Szef Agencji Wywiadu przegrał proces z "Przeglądem"
Obecny szef Agencji Wywiadu i były ekspert sejmowej komisji śledczej ds. PKN Orlen gen. Zbigniew Nowek prawomocnie przegrał proces cywilny z "Przeglądem", który zarzucił mu, że był on autorem przecieków tajnych materiałów tej komisji do prasy w 2004 r.
19.04.2007 | aktual.: 19.04.2007 15:49
Sąd Apelacyjny (SA) w Warszawie oddalił apelację Nowka od wyroku Sądu Okręgowego (SO) w Warszawie, który w zeszłym roku oddalił pozew Nowka wobec tygodnika.
Nowek żądał od wydawcy tego związanego z lewicą tygodnika oraz jego naczelnego Jerzego Domańskiego przeprosin oraz wpłaty 100 tys. zł zadośćuczynienia na cel społeczny. Wyrok SA jest prawomocny; Nowek może jeszcze złożyć kasację do Sądu Najwyższego.
W listopadzie 2004 r. "Przegląd" napisał, że Nowek "wynosi z komisji orlenowskiej tajne materiały i - dokonując ich selekcji - podrzuca dziennikarzom". Dodano, że Nowek jest "głównym podejrzanym" w tajnym śledztwie w sprawie przecieków z komisji. Także tygodnik "Nie" napisał wówczas, że po tym, jak do komisji śledczej dotarły stenogramy z podsłuchów podejrzanego o korupcję lobbysty Marka Dochnala, Nowek "obdzwonił 'swoich' dziennikarzy" (proces Nowka z "Nie" wciąż trwa).
SO oddalił pozew, uznając że wprawdzie powód mógł czuć się urażony, ale działanie "Przeglądu" nie było bezprawne.
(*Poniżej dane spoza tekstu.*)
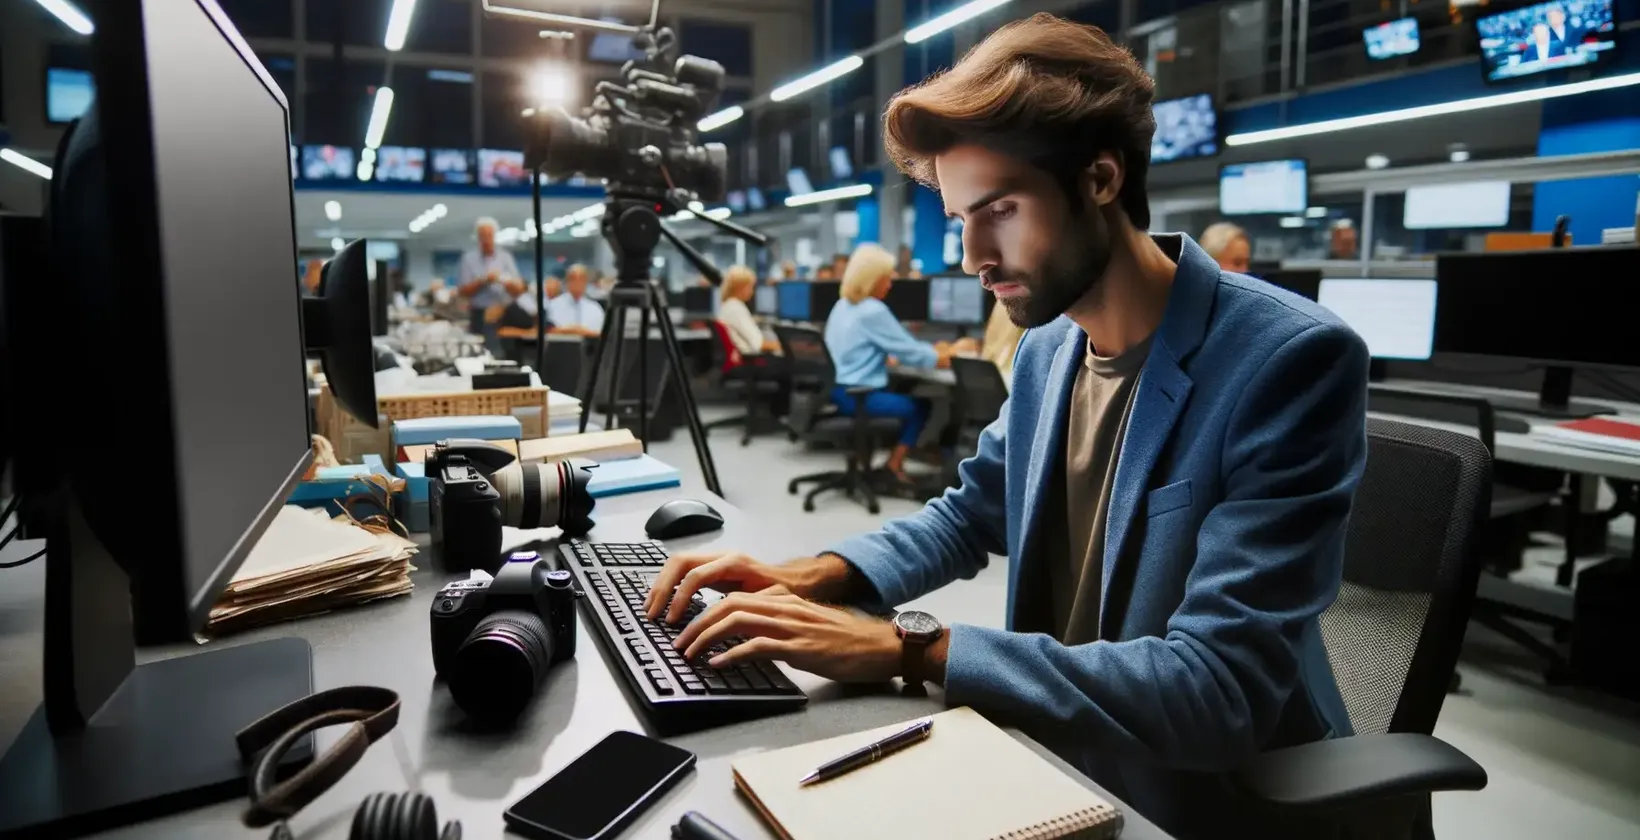 Újságíró egy forgalmas szerkesztőségben a számítógépén lévő átírószoftverrel.

Sąd podkreślił, że o tym, iż Nowek mógł mieć związek z przeciekami, mówili świadkowie, m.in. b. szef Agencji Wywiadu Zbigniew Siemiątkowski, b. członek komisji śledczej Andrzej Celiński z SdPl oraz kilku dziennikarzy. Według SO, notatka ukazała się w rubryce satyrycznej, a jej autor nie naruszył dziennikarskiej rzetelności, bo działał w obronie interesu społecznego, jakim było poinformowanie opinii publicznej o sprawie przecieków, za które "powód powinien się czuć odpowiedzialny".
Adwokat Nowka odwołał się do SA, domagając się zmiany wyroku i uwzględnienia pozwu. Mec. Ernest Roskowiński podkreślał w czwartek, że tekst był nieprawdziwy, bo Nowek nigdy nie był podejrzany, a autor tekstu nie dochował zasady rzetelności. Utrzymania wyroku chciała pełnomocnik pozwanych mec. Hanna Gajewska-Kraczkowska.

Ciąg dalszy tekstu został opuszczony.